但是车队驶过浅水湾后,祁礼宾再无半点生疏感。
尤其是中环半山的亚厘毕道,他闭着眼睛都能够驾车通行。
车队顺利进入港督府,祁礼宾愈发地摸不着头脑。
作为港岛的无冕之王,他无疑是这里的常客。
只不过,短短半个月的时间,他的处境已然天差地别。
直到被引领至港督府的会客厅内,祁礼宾的内心瞬间活络起来。
“尊敬的侯爵阁下,祁礼宾向您致以最崇高的问候!”
抬手抚胸,昂撒鬼佬深深一拜。
他常年坐镇港岛,很少参与淞沪汇丰银行的运转工作。
可即便如此,自家最大的储户,最亲密的合作伙伴,他又岂能不认识?
“坐吧!”
单手一引,周耀邦翘着二郎腿靠在沙发上,他的坐姿岿然不动。
戈登的手下而已,在侯爵大人面前没有任何分量可言。
港岛被攻占以前,祁礼宾不值一提。
别看汇丰银行的势力基本盘在港岛,可淞沪这座远东核心城市的意义不言而喻。
汇丰银行和橘氏一脉之间的合作事宜,唯有戈登这个汇丰银行主席有资格同侯爵大人交流。
现如今的祁礼宾,更是区区一个阶下囚罢了。
他对侯爵大人的计划有用,并不代表侯爵大人需要讨好他。
恰恰相反,侯爵大人才是他的最后一根救命稻草。
否则的话,祁礼宾这个昂撒鬼佬最多还有两年可活。
“侯爵阁下,您的荣光笼罩整个远东。”
老老实实坐下半个屁股,祁礼宾双手搭在膝盖上,陪着谄笑。
“鄙人本应该早早前去拜见您才是!”
“只不过,戈登先生与您相交甚笃,鄙人又位卑言轻,实在不敢登门叨扰您。”
“失礼之处,还请您海涵见谅。”
这个昂撒鬼佬在港岛生活了二十多年,不仅仅通晓中华文化,更是说着一口流利的粤式中文。
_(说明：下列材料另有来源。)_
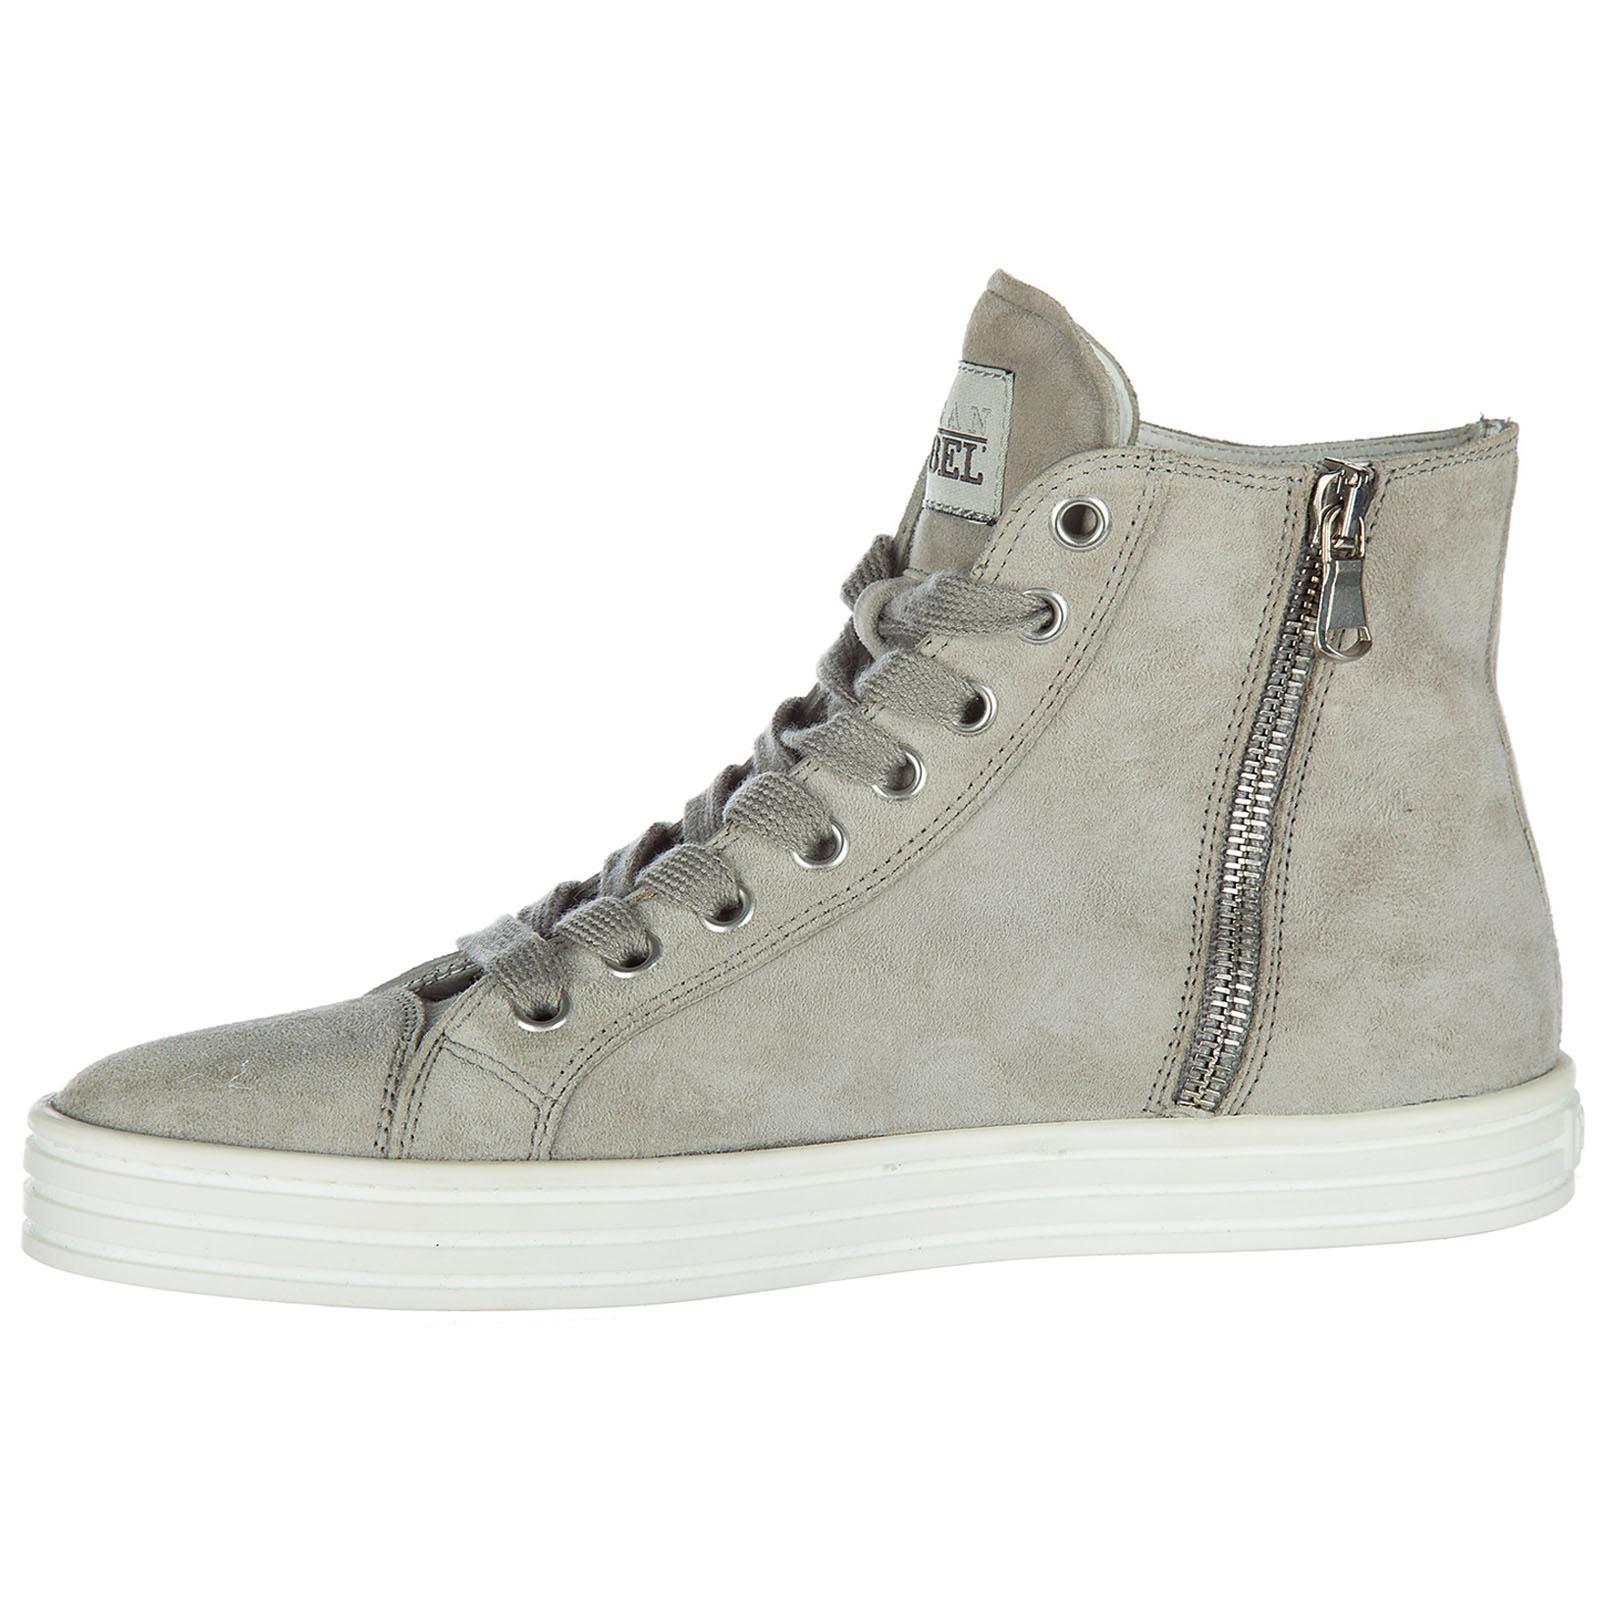 Hogan Rebel Scarpe Sneakers Alte Donna in Camoscio Nuove r141 Beige EU 35.5 HXW1410H1601SG574O B4Cm4if

他专程了解过侯爵大人这位大客户的喜好,清楚侯爵大人精通多国语言。
侯爵大人深耕于淞沪,除去小鬼子正式场合以外,多以中文交流的习惯。
他更是早有耳闻,眼下自然是投其所好。
谦卑,恭敬,讨好,祁礼宾的态度非常端正。
但其本意只有一点,看在戈登主席的面子上。
救一救啊!侯爵大人!
“纯正的蓝山出产,我随身从淞沪带过来的。”
随手倒了一杯咖啡递出,周耀邦展颜一笑。
“前段时间,刚刚送了戈登先生一罐。”
“稍后你离开的时候,也带一罐走吧!”
眼前这个汇丰银行大班的态度,令侯爵大人非常满意,他当然也不会再吝啬笑脸。
看似简单的寒暄,实则已然彰显了周耀邦的权势。
“侯爵阁下您的恩赐,鄙人不敢推辞!”
双手捧着咖啡杯,昂撒鬼佬祁礼宾强忍着内心激动,满脸感激涕零的神色。
“却之不恭,却之不恭啊!”
“您的关照庇护,鄙人更是铭记五内!”
“您有任何差遣,鄙人定当竭尽全力,只求为您略尽绵薄之力。”
侯爵阁下的荣光整个远东,这显然是他的阿谀奉承之词。
只不过,侯爵阁下笼罩在他身上的荣光,那绝对是实打实的存在。
拿着侯爵阁下赏赐的蓝山咖啡离开,怎么可能还被关押回赤柱监狱呢?
“戈登先生对你很是器重!”
微微颔首,周耀邦的声音如同春风般和煦。
“我离开淞沪之前,他专程请我出面,关照一番你的处境。”
“这份心意,你应该明白!”
然而落在祁礼宾心中时,却如同晨钟暮鼓那般洪亮。
戈登先生的奔走之情必须铭记,可侯爵大人的关照庇护方才是根本啊!
“侯爵阁下您精擅中华文化,鄙人也稍稍了解一些皮毛。”
点头如捣蒜,祁礼宾言辞恳切,声情并茂。
“滴水之恩,当涌泉相报!”
“更何况,阁下您对鄙人还有着救命大恩!”
“请您放心!”
“您有任何差遣,鄙人纵使粉身碎骨也在所不惜!”
倘若闭上眼,周耀邦还以为自己面前坐着一名土生土长的港岛华人呢!
“言重了!”
淡然一笑,周耀邦不温不火地轻呷一口咖啡。
“做好你的本职工作便可!”
“我名下的洋行即将在港岛兴业建厂。”
“一应结算账户,照例放在你们汇丰银行之内。”
还有这种好事?
双目炯炯有神,祁礼宾一扫阶下囚的颓废神态。
侯爵大人名下生意的结算账户放在港岛汇丰银行之内,这显然代表着他马上就可以恢复先前的身份。
哪怕他和银行的工作,必然会受到小鬼子的监管。
可侯爵大人的态度,小鬼子驻军又岂敢忽视怠慢?
受制于小鬼子,总要好过于被小鬼子吃干抹净吧!
“您的大恩大德,鄙人实在是无以回报啊!”
赶忙放下咖啡杯,祁礼宾连连鞠躬。
“您名下的账户,鄙人一定按照最高利息进行结算。”
“聊表微薄心意,还请您笑纳!”
眼下的汇丰银行大班,在侯爵阁下面前没有任何能力可言。
唯有以手中那点权力,略尽微薄孝心而已。
“去吧!”
抬手轻挥,周耀邦直接送客。
祁礼宾和他上司前段时间的待遇毫无区别,根本没有尝到半口咖啡。